26.6 Querying the Event Logs

The Event Logs are typically a system administrator's first line of inquiry when trying to troubleshoot problems. Since they are so important, it is also important to see how we can make use of them with WMI. The two major components that we need to be concerned with are the Event Logs themselves and the events contained within each Event Log. We will first focus on properties of Event Logs.

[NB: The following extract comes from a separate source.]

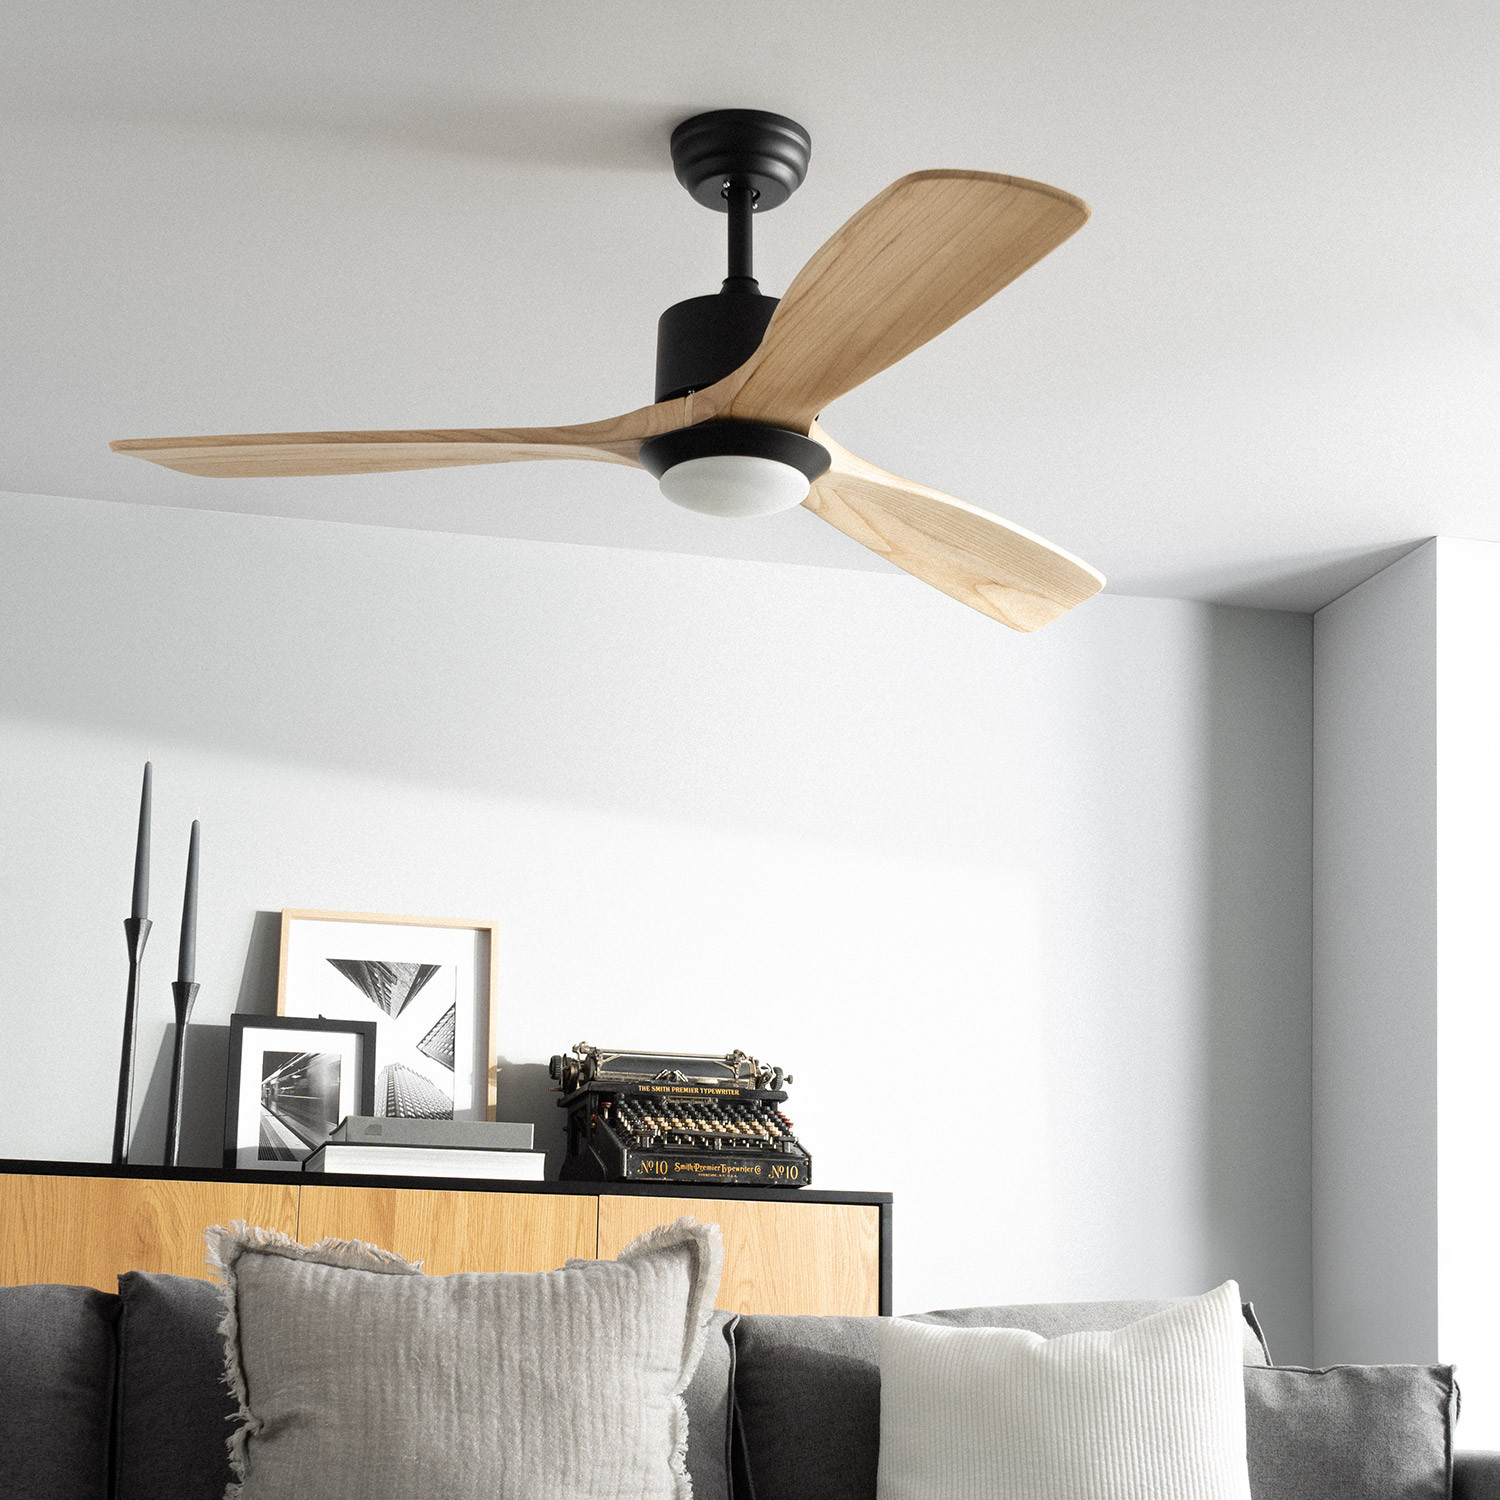 ontwikkeling bijstand Feest Ventilator plafond Aurelio met verlichting en afstandsbediening AC – LED –  132cm– licht hout kleurig– plafondventilator | Klanten geven ons een 5/5 |  De Ventilatorenbaas.nl
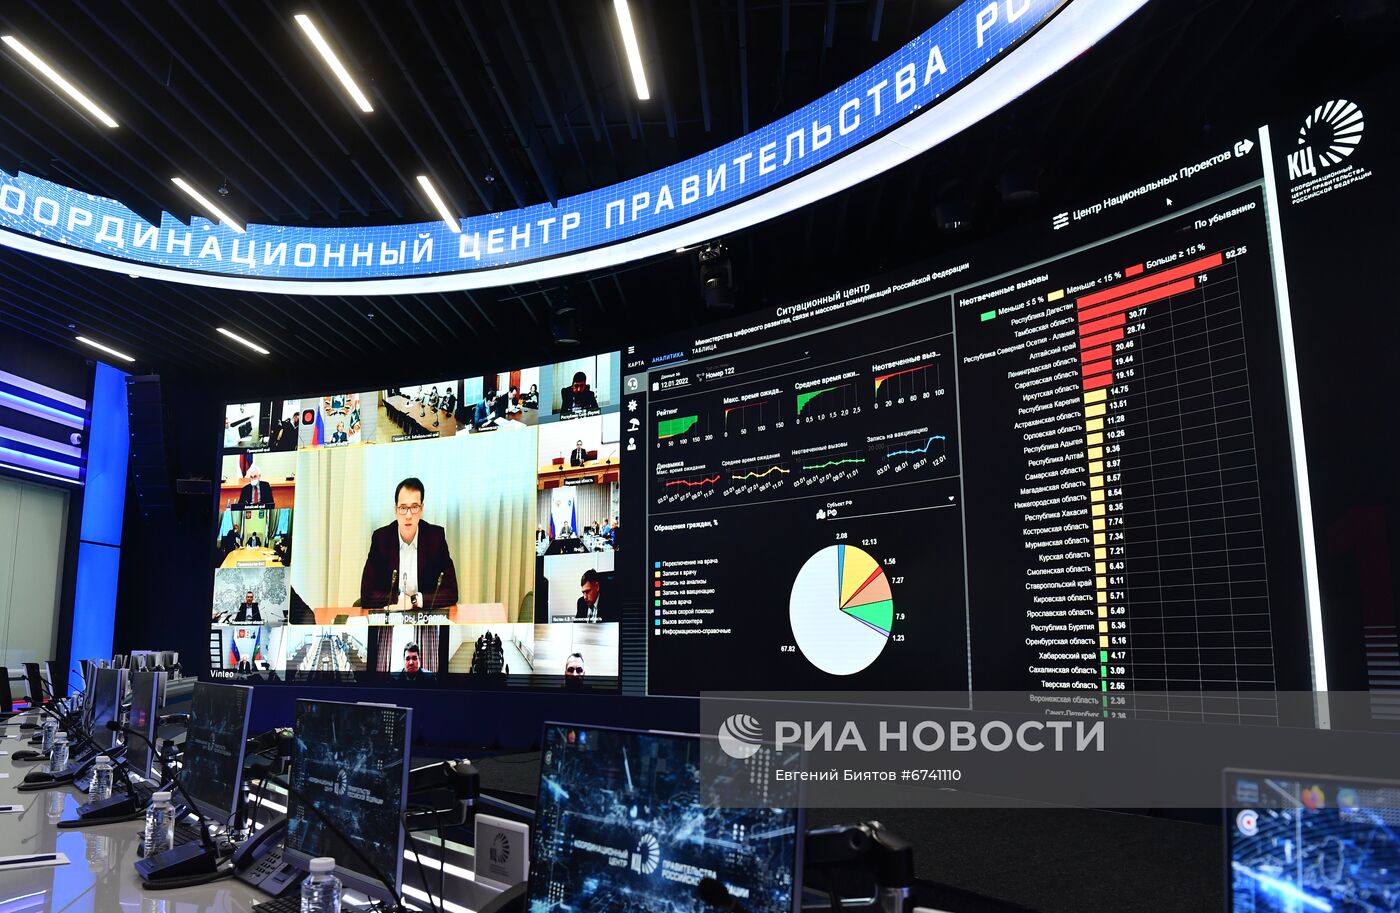 Вице-премьер правительства РФ Д. Чернышенко провел совещание по вопросу работы единой службы 122

The Win32_NTEventLogFile class represents an Event Log. Table 26-4 contains several Win32_NTEventLogFile properties that can be used to query or modify properties of a Event Log.

Table 26-4. Useful Win32_NTEventLogFile properties

Property	Description
FileSize	Size of the Event Log file in bytes.
LogFileName	Standard name used for describing the Event Log (e.g., Application).
MaxFileSize	Max size in bytes that the Event Log file can reach. This is a writeable property.
Name	Fully qualified path to the Event Log file.
NumberOfRecords	Total number of records in the Event Log.
OverwriteOutDated	Number of days after which events can be overwritten. This is a writeable property with 0 indicating to overwrite events as needed, 1-365 being the number of days to wait before overwriting, and 4294967295 indicating that events should never be overwritten.
OverwritePolicy	Text description of the overwrite policy (as specified by the OverwriteOutDated property). Can be one of WhenNeeded, OutDated, or Never.
Sources	Array of registered sources that may write entries to the Event Log.

Let's look at an example that displays all of the properties listed in Table 26-4 for each Event Log and sets the MaxFileSize and OverwriteOutDated properties if they have not already been set to the correct values. Since we want to iterate over all Event Logs, we will pass Win32_NTEventLogFile to the InstancesOf method. Example 26-2 shows how to accomplish this.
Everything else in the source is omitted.